##### Information supplied

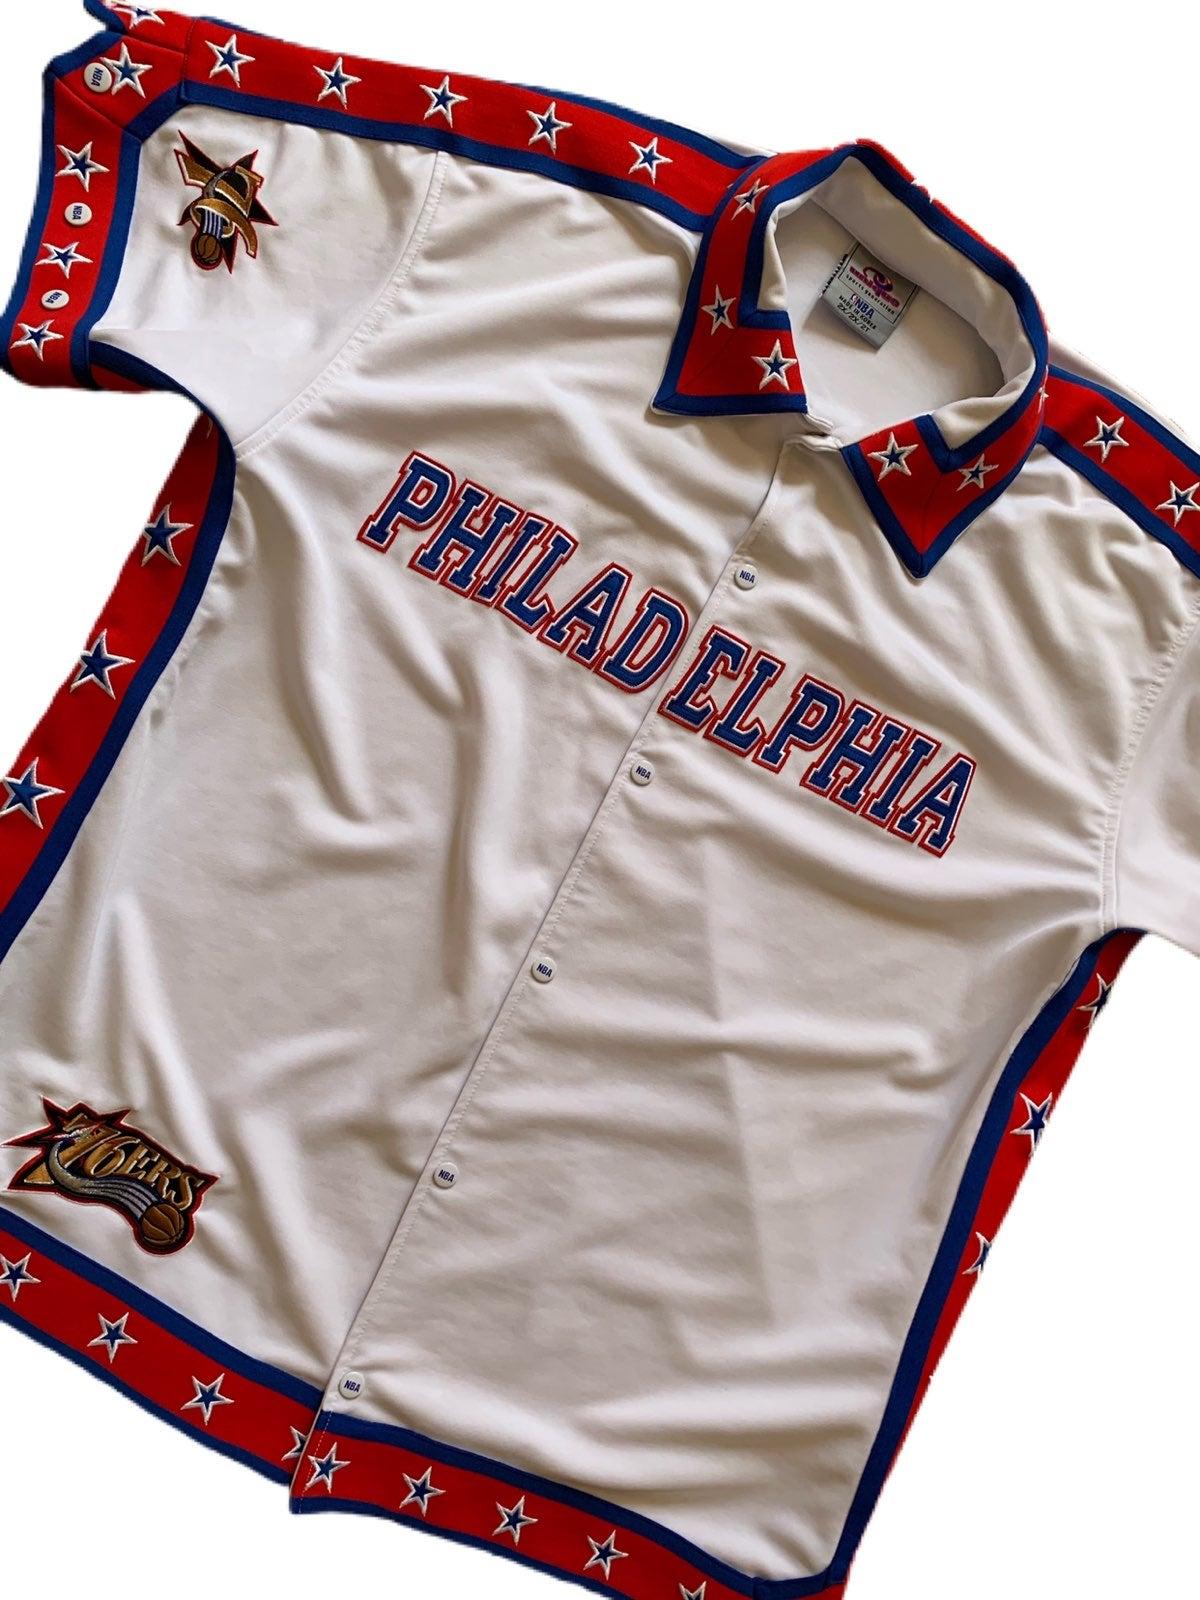 Vintage 90s Philadelphia 76ers Warmup Je
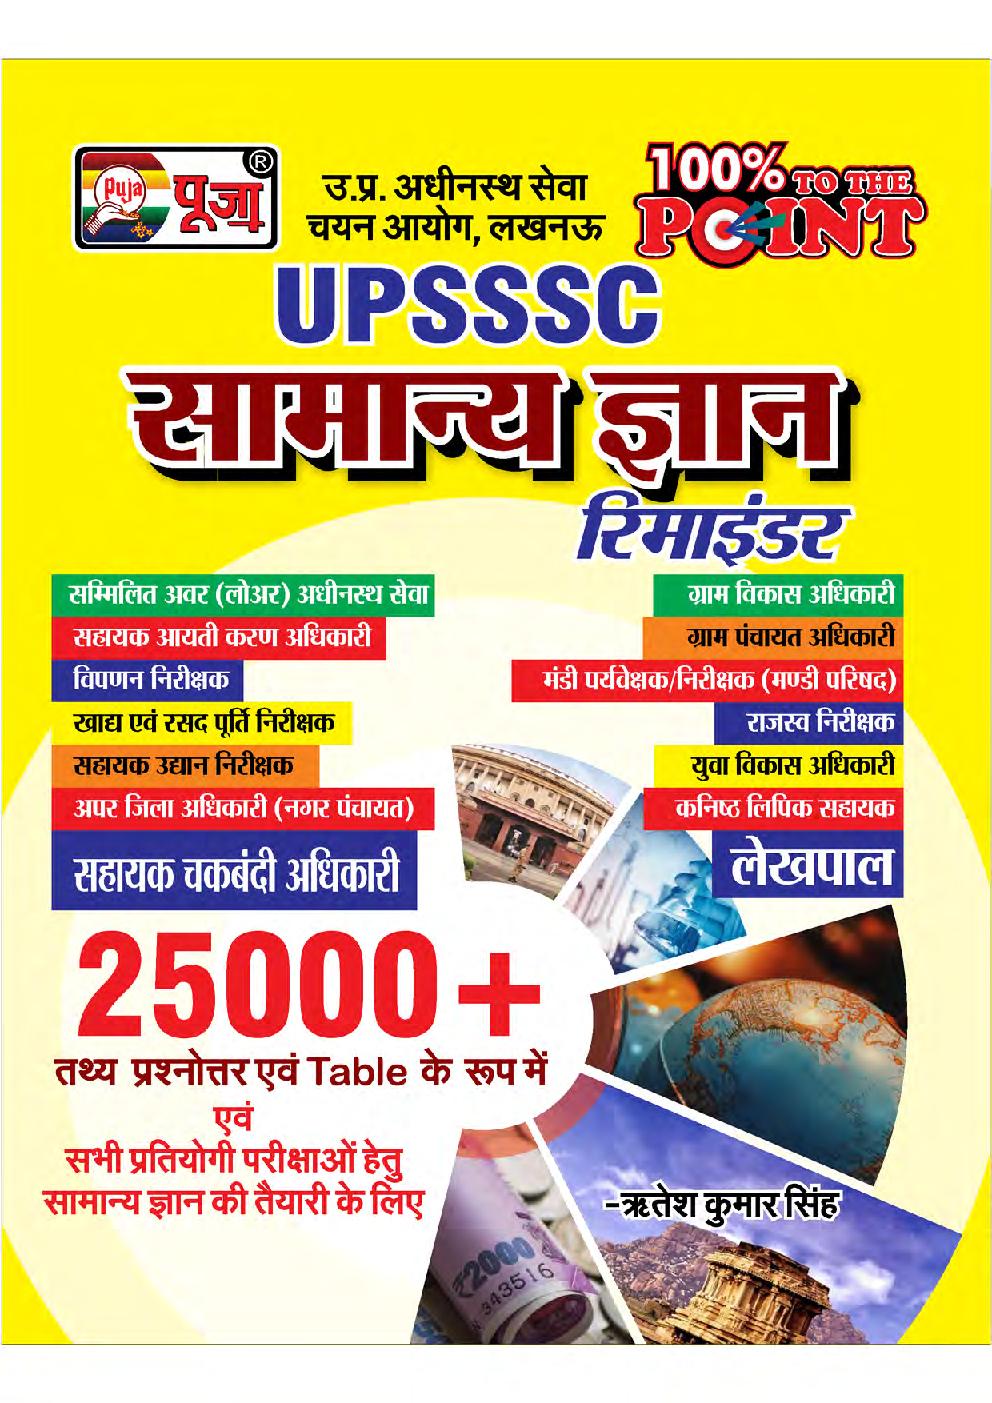 Puja UPSSSC सामान्य ज्ञान (Reminder) - Page 1
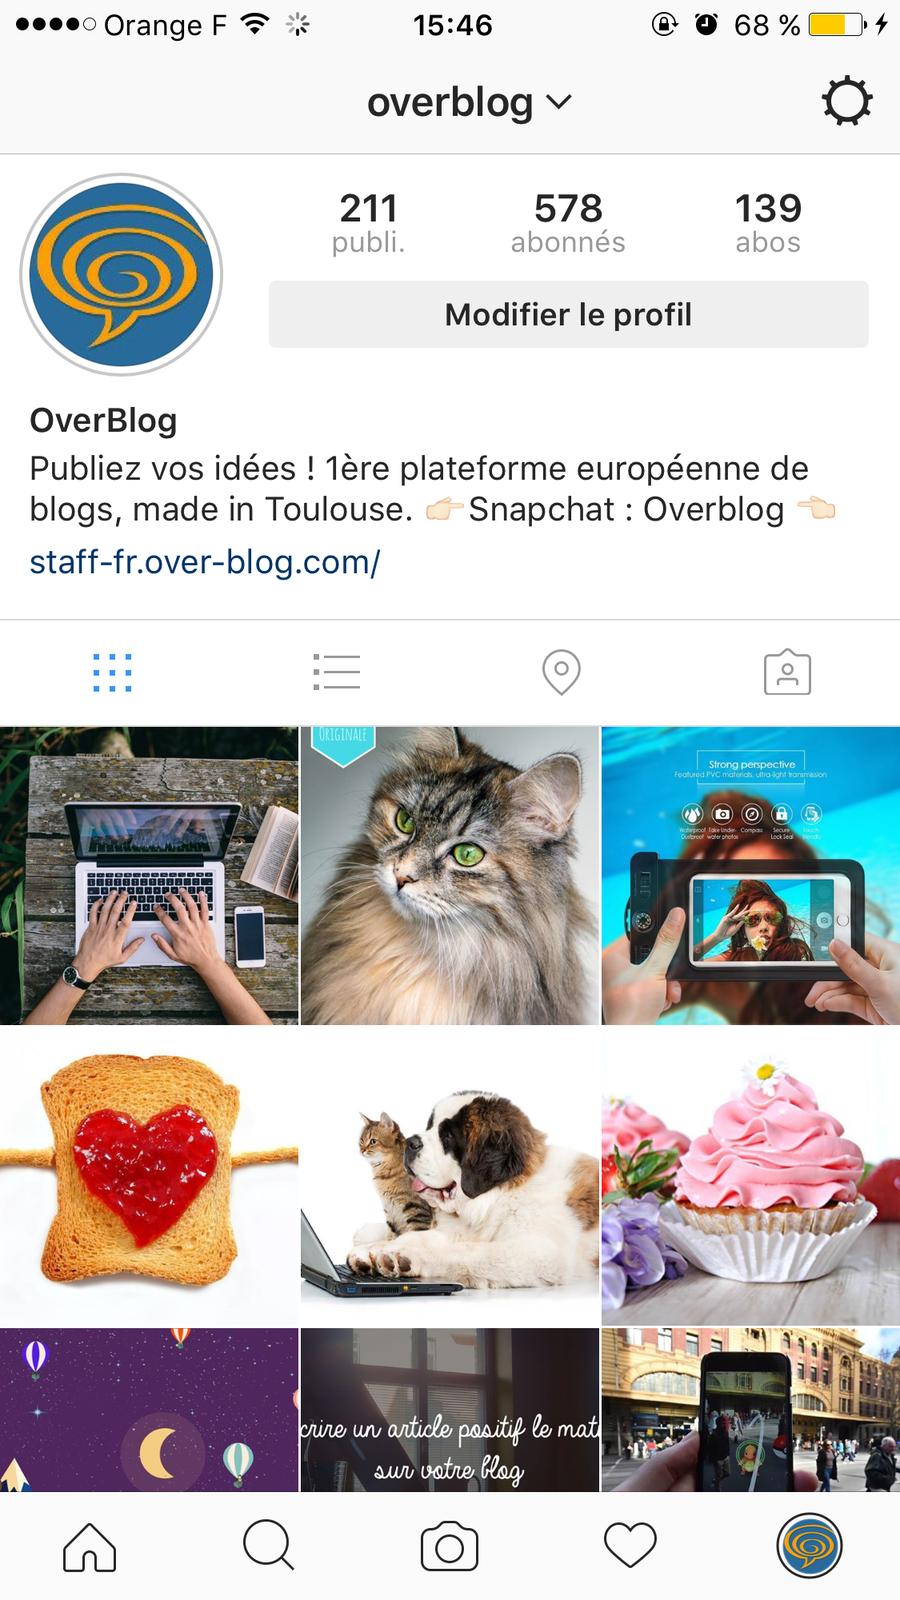 @Overblog

##########

Description of the task – Reproduce the full material exactly, excluding the pictures.

Your response –
 Vintage 90s Philadelphia 76ers Warmup Je
 Puja UPSSSC सामान्य ज्ञान (Reminder) - Page 1
 @Overblog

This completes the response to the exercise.